Глава шестая
Колченогий
Мне суждено было провести тяжелую ночь.
Я не смогла заснуть – мысли мои были поглощены выстрелами, раздавшимися в саду. Поведение Кауфманна явно свидетельствовало о том, что всю эту историю пытались затушевать, но мне было неясно, делалось ли это потому, что удалось захватить беглеца, или же ему удалось благополучно спастись.
В ту пору я и не предполагала, что моего гостя могли просто застрелить.
О себе я не беспокоилась, меня беспокоила мысль об участи моего незнакомого соотечественника. Я надеялась, что ему удалось спастись, и искренне желала, чтобы ему удалось осуществить свою задачу и уведомить меня об этом, тем самым избавив от необходимости выполнить возложенное на меня поручение, которое мне было совсем не по душе.
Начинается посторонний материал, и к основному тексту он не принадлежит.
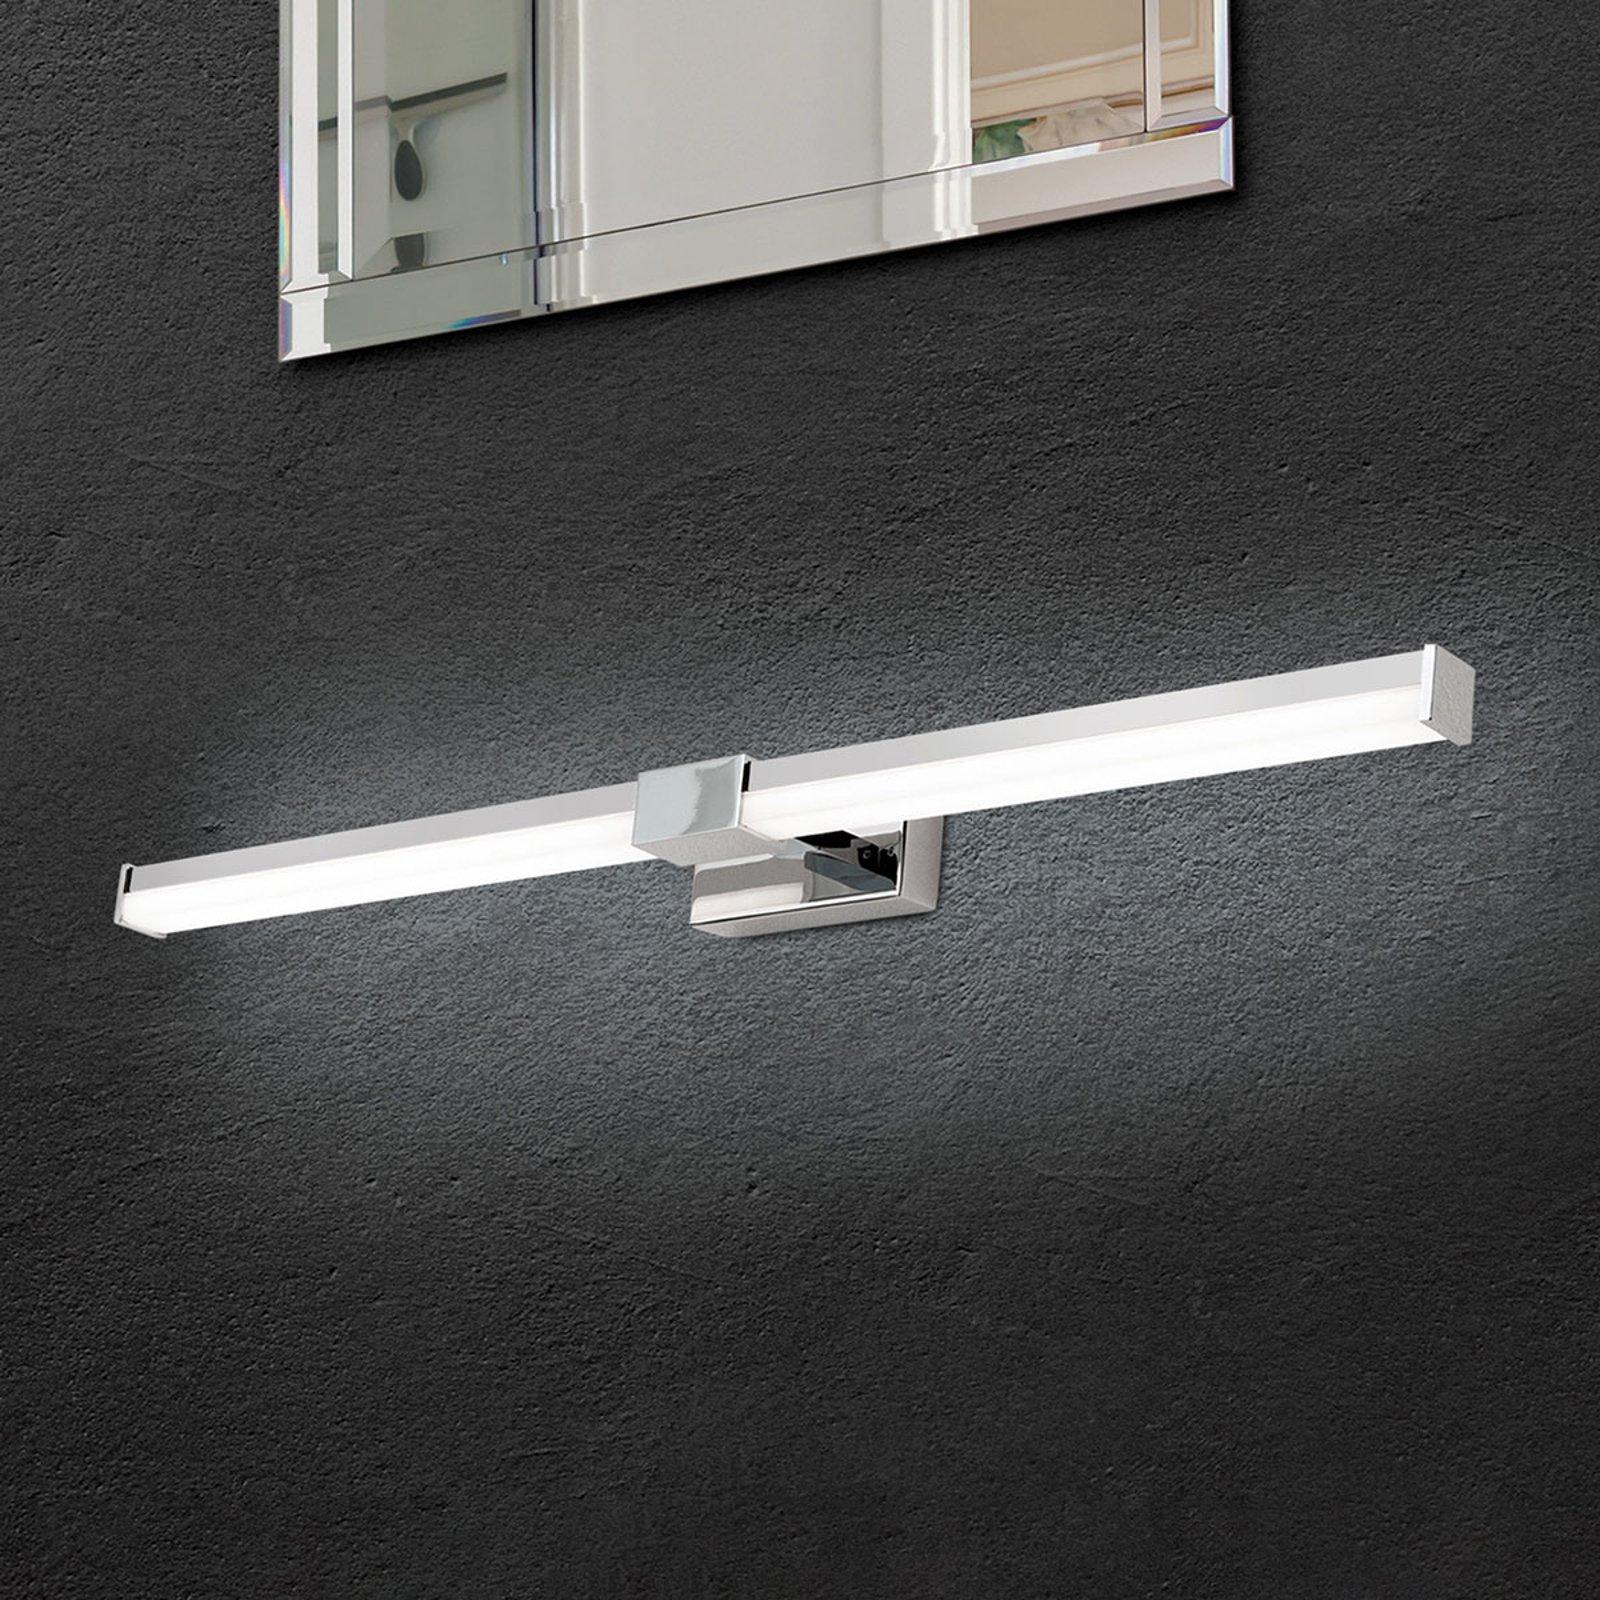 Speillampe til bad Argo med LED 55,5 cm

Несмотря на запрещение судьи, я решила доискаться до правды. Я надеялась, что мне удастся хоть что-нибудь выведать от одного из молодых офицеров, расположенных ко мне, и я надеялась, что мне завтра же удастся приступить к расспросам.
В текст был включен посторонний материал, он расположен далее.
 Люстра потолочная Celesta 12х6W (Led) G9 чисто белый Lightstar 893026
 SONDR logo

И, приняв это решение, я, наконец, заснула. Мне привиделся ужасный сон. Мне казалось, что я лечу по узкому бесконечному каменному коридору и что меня преследует огромный хромой мужчина, размахивающий в воздухе синим конвертом. Преследователь настигает меня, я слышу его тяжелое дыхание, и я просыпаюсь с испуганным воплем. Моя комната залита светом, а в дверь стучится прислуга Фрида: «Уже семь часов, фройляйн!»
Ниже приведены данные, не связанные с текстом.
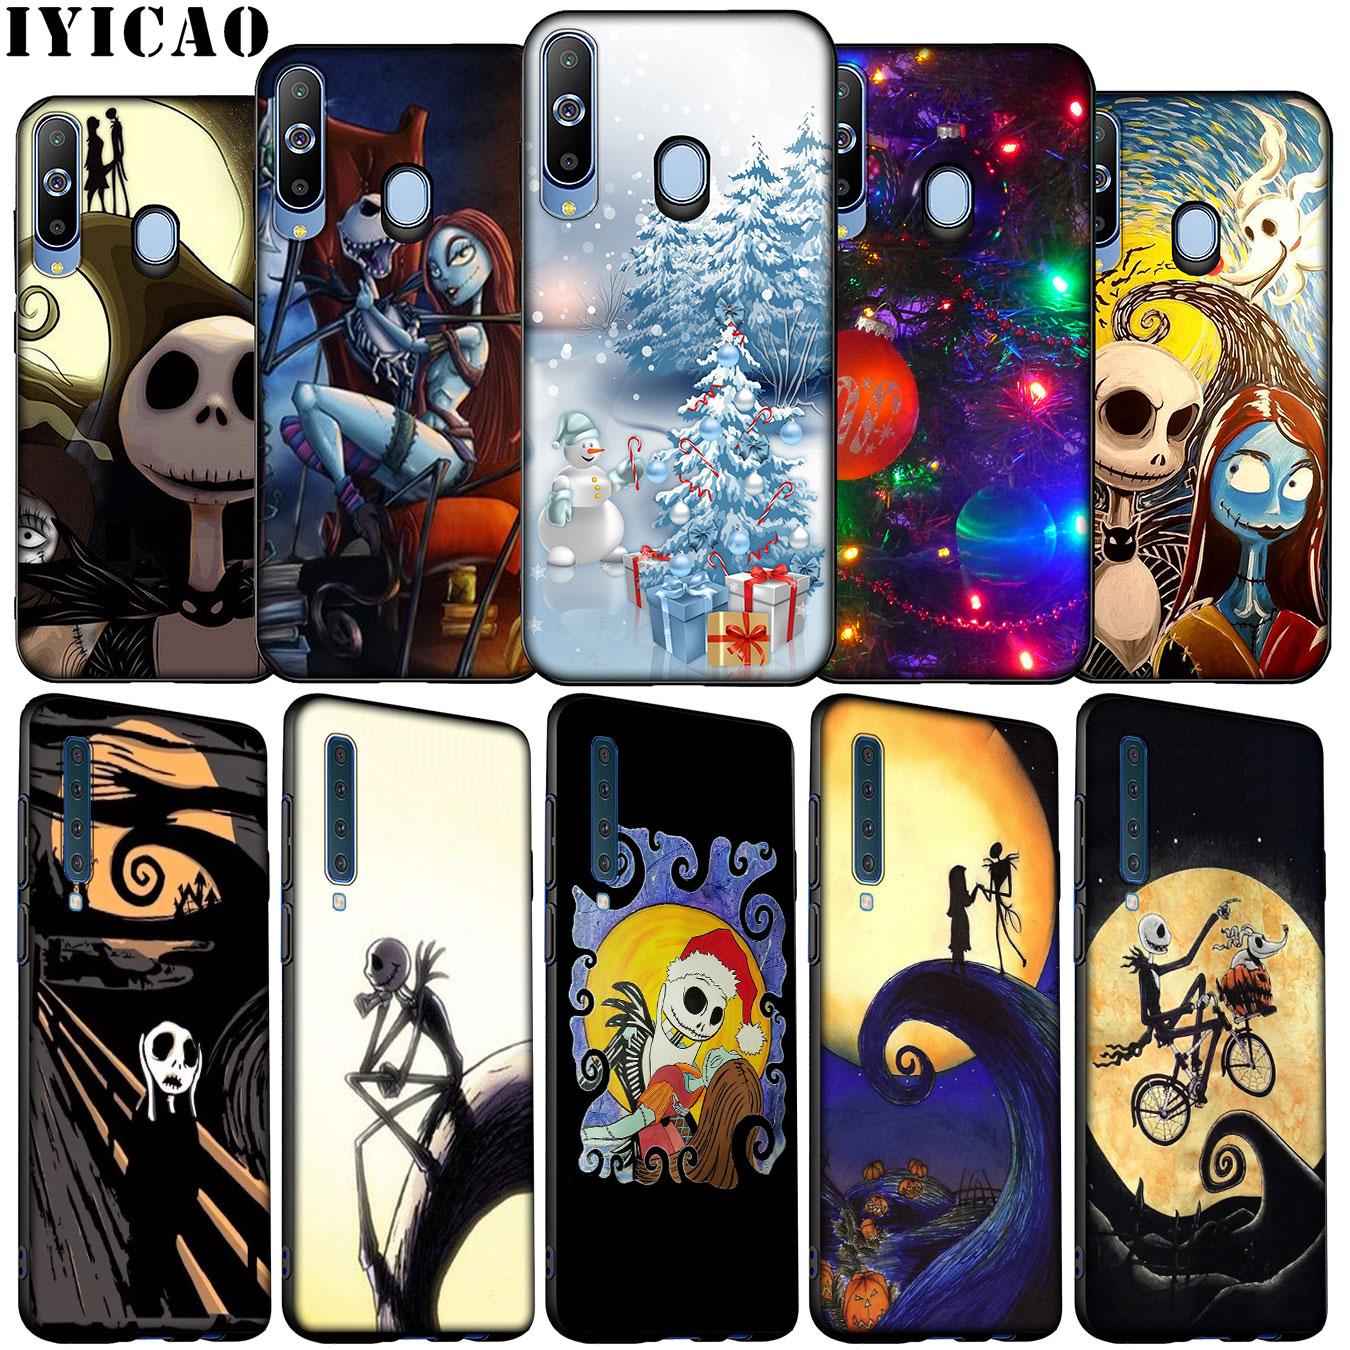 Funda de silicona blanda para Samsung Galaxy A70, A50, A60, A40, A30, A20, A10, M20, M30, M40 y A20E de pesadilla, de jack de Halloween

Я спешу одеться и спуститься вниз к завтраку, рассчитывая после него засесть за работу. С послеобеденной почтой в Берлин должна уйти рукопись, и я до обеда работаю с фрау Кауфманн. Обычно после завтрака я садилась за пишущую машинку, а она диктовала мне. Затем мы вместе исправляли написанное, а по вечерам я переписывала.
Госпожа Кауфманн обладала способностью диктовать очень ясно и вразумительно, совершенно не испытывая необходимости менять построение фразы или подыскивать слова. Но в это утро она была необычайно рассеяна.
Что мог ей сказать вчера вечером доктор? Ко мне она была внимательна как обычно, и я готова была уже объяснить себе ее состояние тем, что она была не удовлетворена развитием действия в своем романе.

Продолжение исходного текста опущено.